After retiring from DEC in 1983, Bell remained active as an entrepreneur, policy adviser, and researcher. He co-founded Encore Computer and helped establish the NSF’s Computing and Information Science and Engineering Directorate.

In 1995, Bell joined Microsoft Research where he studied telepresence technologies and served as the subject of the MyLifeBits life-logging project. The initiative aimed to realize Vannevar Bush’s vision of a system that could store all the documents, photos, and audio a person experienced in their lifetime.

Bell was elected to the National Academy of Engineering, National Academy of Sciences, and American Academy of Arts and Sciences. He received the National Medal of Technology from President George H.W. Bush in 1991 and the IEEE’s John von Neumann medal in 1992.

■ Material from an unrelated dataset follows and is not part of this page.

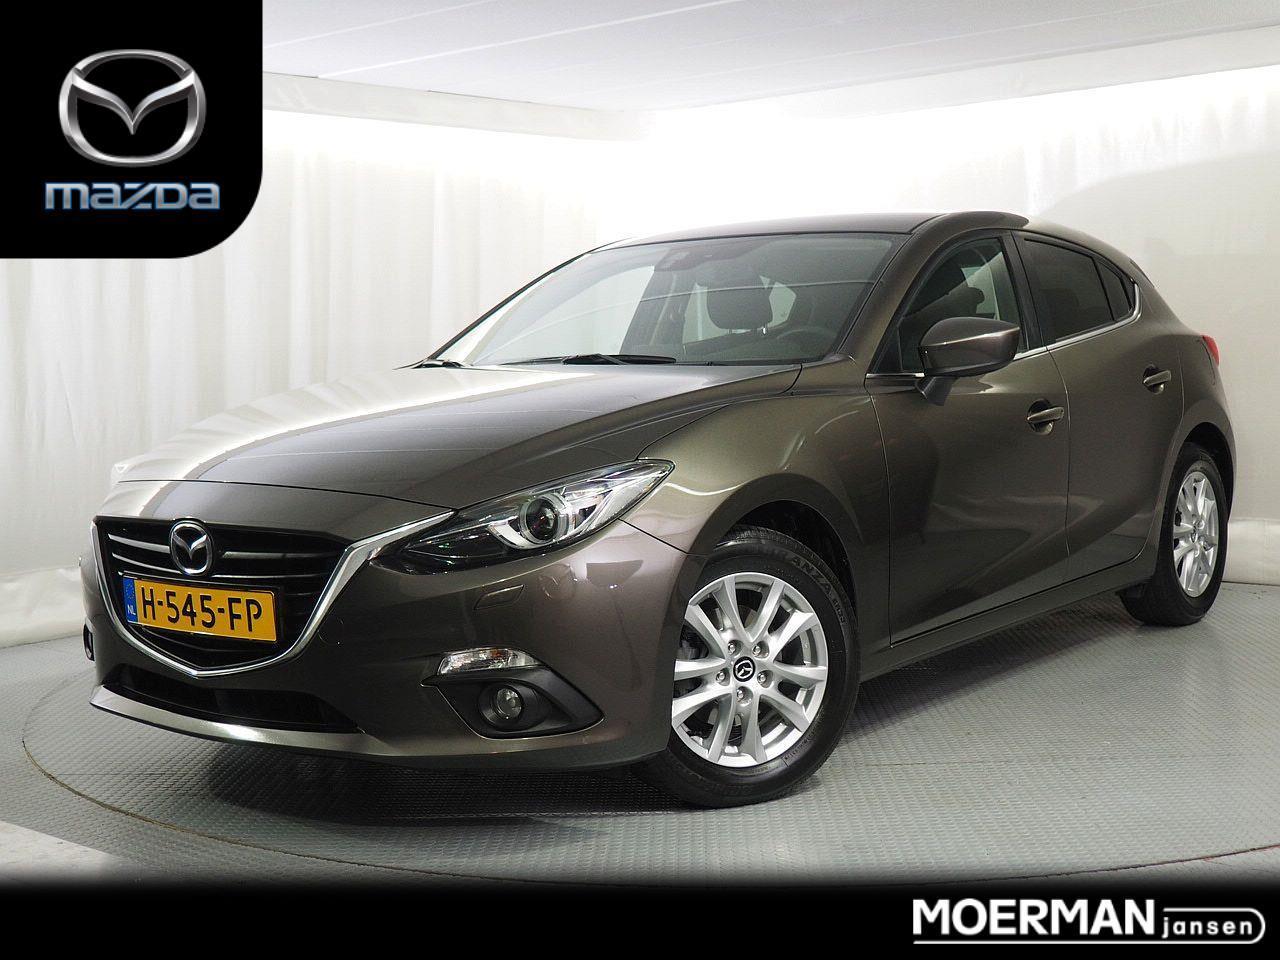 Mazda 3 1.5 ts+ / 96.000km / dealeronderhouden / 5-drs / navigatie / climate&cruise control  /
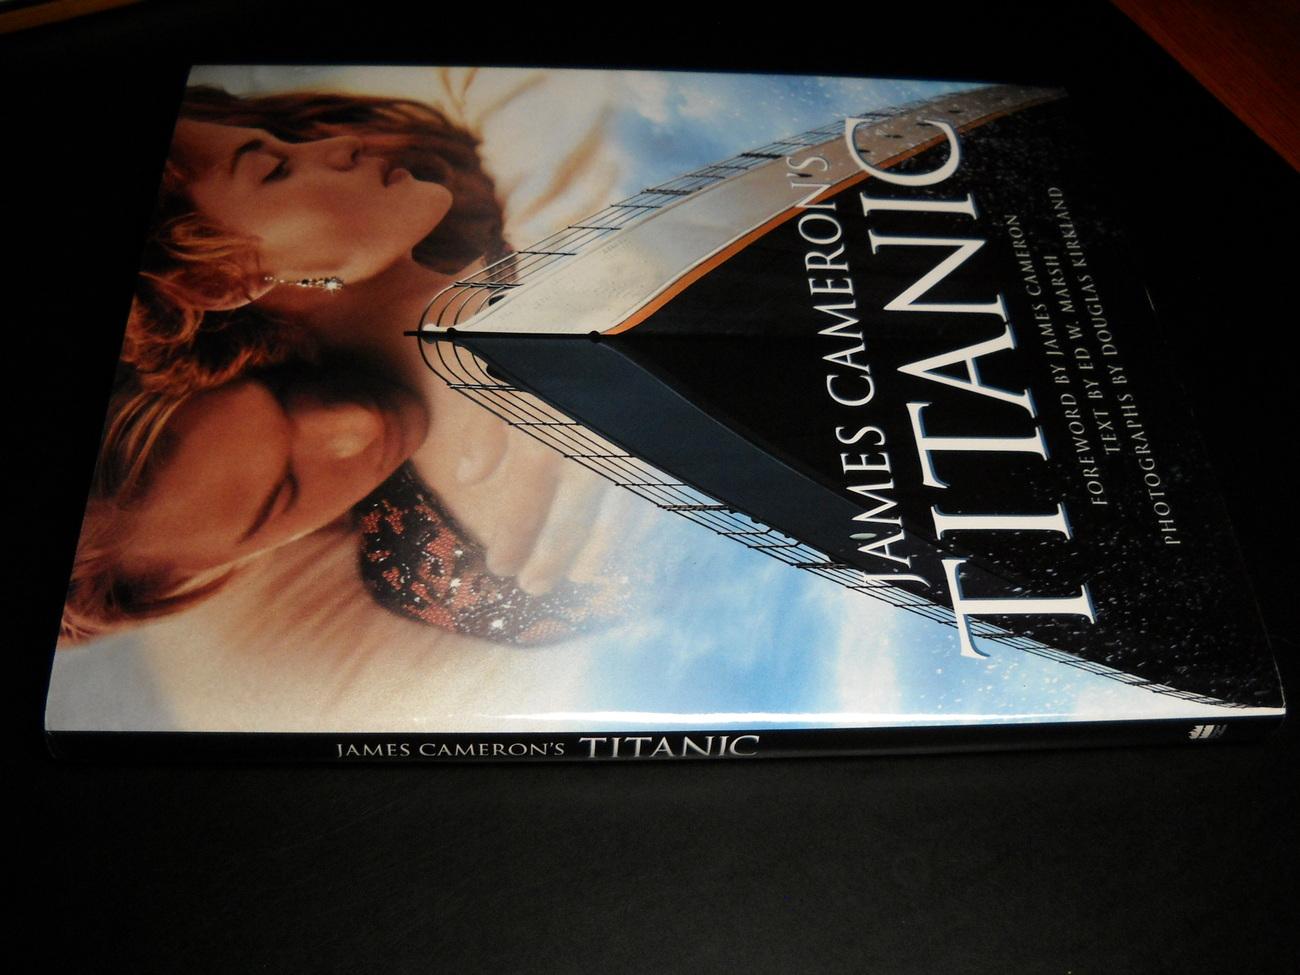 Book james cameron s titanic marsh kirkland harper collins 1997 hcdj 02

“He was immeasurably helpful”

As news of Bell’s passing spread on social media Tuesday, industry veterans began sharing their memories and condolences. Former Microsoft CTO Ray Ozzie wrote, “I can’t adequately describe how much I loved Gordon and respected what he did for the industry. As a kid I first ran into him at Digital (I was then at DG) when he and Dave were working on VAX. So brilliant, so calm, so very upbeat and optimistic about what the future might hold.”

Ozzie also recalled Bell’s role as a helpful mentor. “The number of times Gordon and I met while at Microsoft – acting as a sounding board, helping me through challenges I was facing – is uncountable,” he wrote.

Former Windows VP Steven Sinofsky also paid tribute to Bell on X, writing, “He was immeasurably helpful at Microsoft where he was a founding advisor and later full time leader in Microsoft Research. He advised and supported countless researchers, projects, and product teams. He was always supportive and insightful beyond words. He never hesitated to provide insights and a few sparks at so many of the offsites that were so important to the evolution of Microsoft.”

“His memory is a blessing to so many,” wrote Sinofsky in his tweet memorializing Bell. “His impact on all of us in technology will be felt for generations. May he rest in peace.”